## Learning Objectives
* Learn about tiling using local memory
* Learn about how to synchronize work-groups
#### Cost of accessing global memory
* As we covered earlier global memory is very expensive to access.
* Even with coalesced global memory access if you are accessing the same elements multiple times that can be expensive.
* Instead you want to cache those values in a lower latency memory.
#### Why are image convolutions good on a GPU?
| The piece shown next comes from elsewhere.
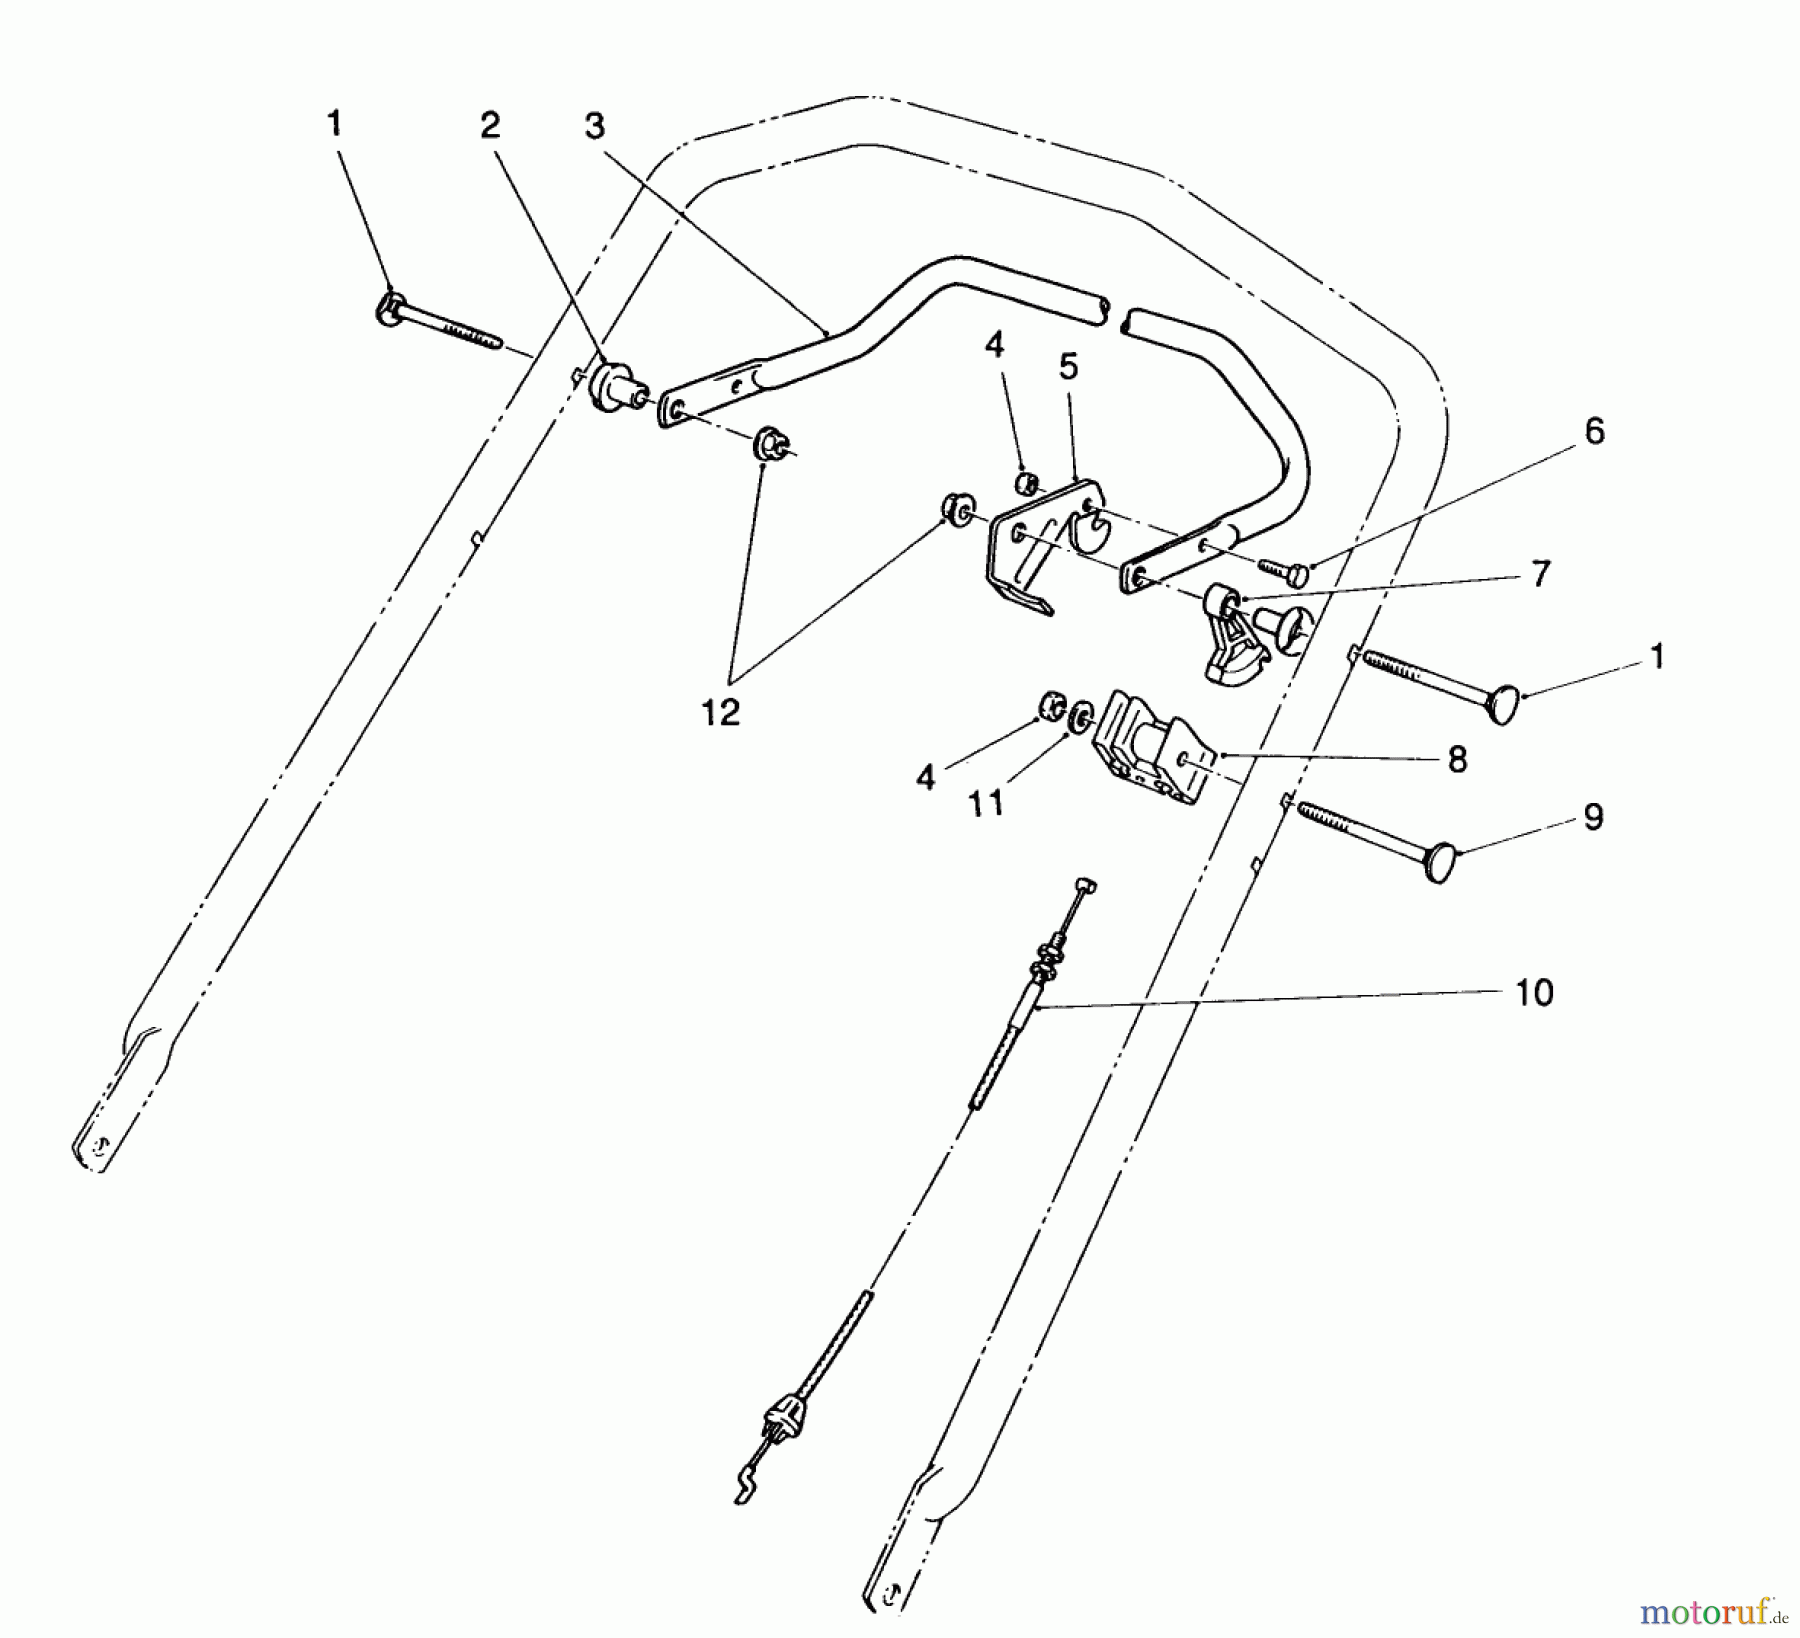  Toro Neu Mowers, Walk-Behind Seite 2 26625CS - Toro Lawnmower, 1989 (9000001-9999999) TRACTION CONTROL ASSEMBLY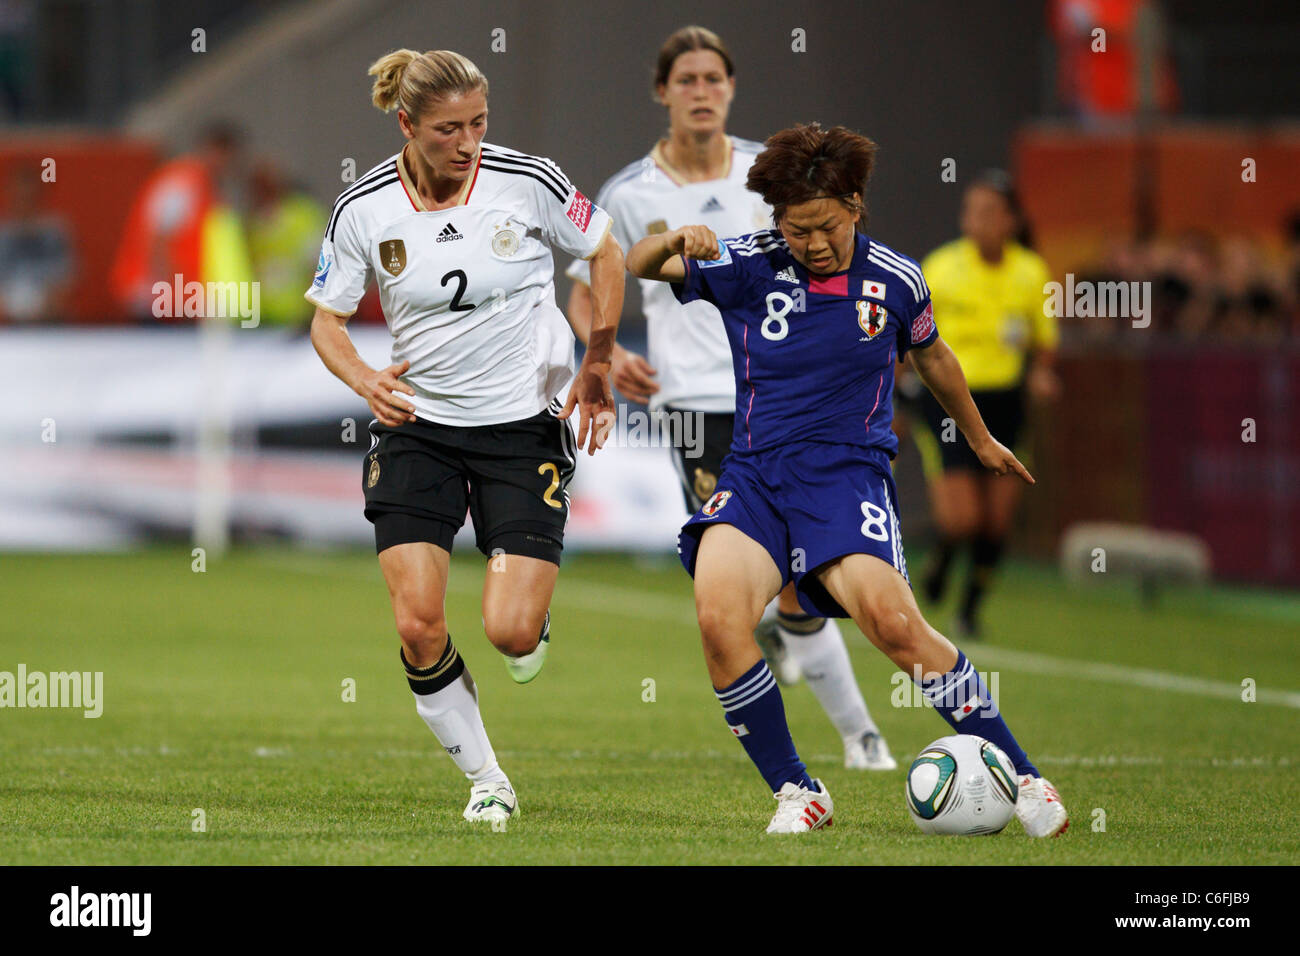 Aya Miyama du Japon (8) en action contre Bianca Schmidt de Allemagne (2) au cours d'une Coupe du Monde féminine 2011 match quart de finale. Banque D'Images

* Looking at the image convolution example.
* For each output pixel we are reading up to NxM pixels from the input image, where N and M are the dimensions of the filter.
* This means each input pixel is being read up to NxM times:
* 3x3 filter: up to 9 ops.
* 5x5 filter: up to 25 ops.
* 7x7 filter: up to 49 ops.
* If each of these operations is a separate load from global memory this becomes very expensive.
#### Using local memory

* The solution is local memory.
* Local memory is generally on-chip and doesn't have a cache as it's managed manually so is much lower latency.
* Local memory is a smaller dedicated region of memory per work-group.
* Local memory can be used to cache, allowing us to read from global memory just once and then read from local memory instead, often referred to as a scratchpad.
#### Tiling

* The iteration space of the kernel function is mapped across multiple work-groups.
* Each work-group has it's own region of local memory.
* You want to split the input image data into tiles, one for each work-group.
#### Local accessors
auto scratchpad = sycl::accessor<int, 1, sycl::access::target::local>(sycl::range{workGroupSize}, cgh);
* Local memory is allocated via an `accessor` with the `access::target::local` access target.
* Unlike regular `accessor`s they are not created with a `buffer`, they allocate memory per work-group for the duration of the kernel function.
* The `range` provided is the number of elements of the specified type to allocate per work-group.
#### Synchronization
* Local memory can be used to share partial results between work-items.
* When doing so it's important to synchronize between writes and read to memory to ensure all work-items have reached the same point in the program.
#### Synchronization

* Remember that work-items are not guaranteed to all execute at the same time (in parallel).
#### Synchronization

* A work-item can share results with other work-items via local (or global) memory.
#### Synchronization

* This means it's possible for a work-item to read a result that hasn't been written to yet.
* This creates a data race.
#### Synchronization

* This problem can be solved with a synchronization primitive called a work-group barrier.
#### Synchronization

* When a work-group barrier is inserted work-items will wait until all work-items in the work-group have reached that point.
#### Synchronization

* Only then can any work-items in the work-group continue execution.
#### Synchronization

* So now you can be sure that all of the results that you want to read have been written to.
#### Synchronization

* However note that this does not apply across work-group boundaries.
* So if you write in a work-item of one work-group and then read it in a work-item of another work-group you again have a data race.
* Furthermore, remember that work-items can only access their own local memory and not that of any other work-groups.
#### Group_barrier
sycl::group_barrier(item.get_group());
* Work-group barriers can be invoked by calling `group_barrier` and passing a `group` object.
* You can retrieve a `group` object representing the current work-group by calling `get_group` on an `nd_item`.
* Note this requires the `nd_range` variant of `parallel_for`.
#### Local memory image convolution performance

#### Exercise
Code_Exercises/Local_Memory_Tiling/source
Use local memory to cache a tile of the input image data per work-group.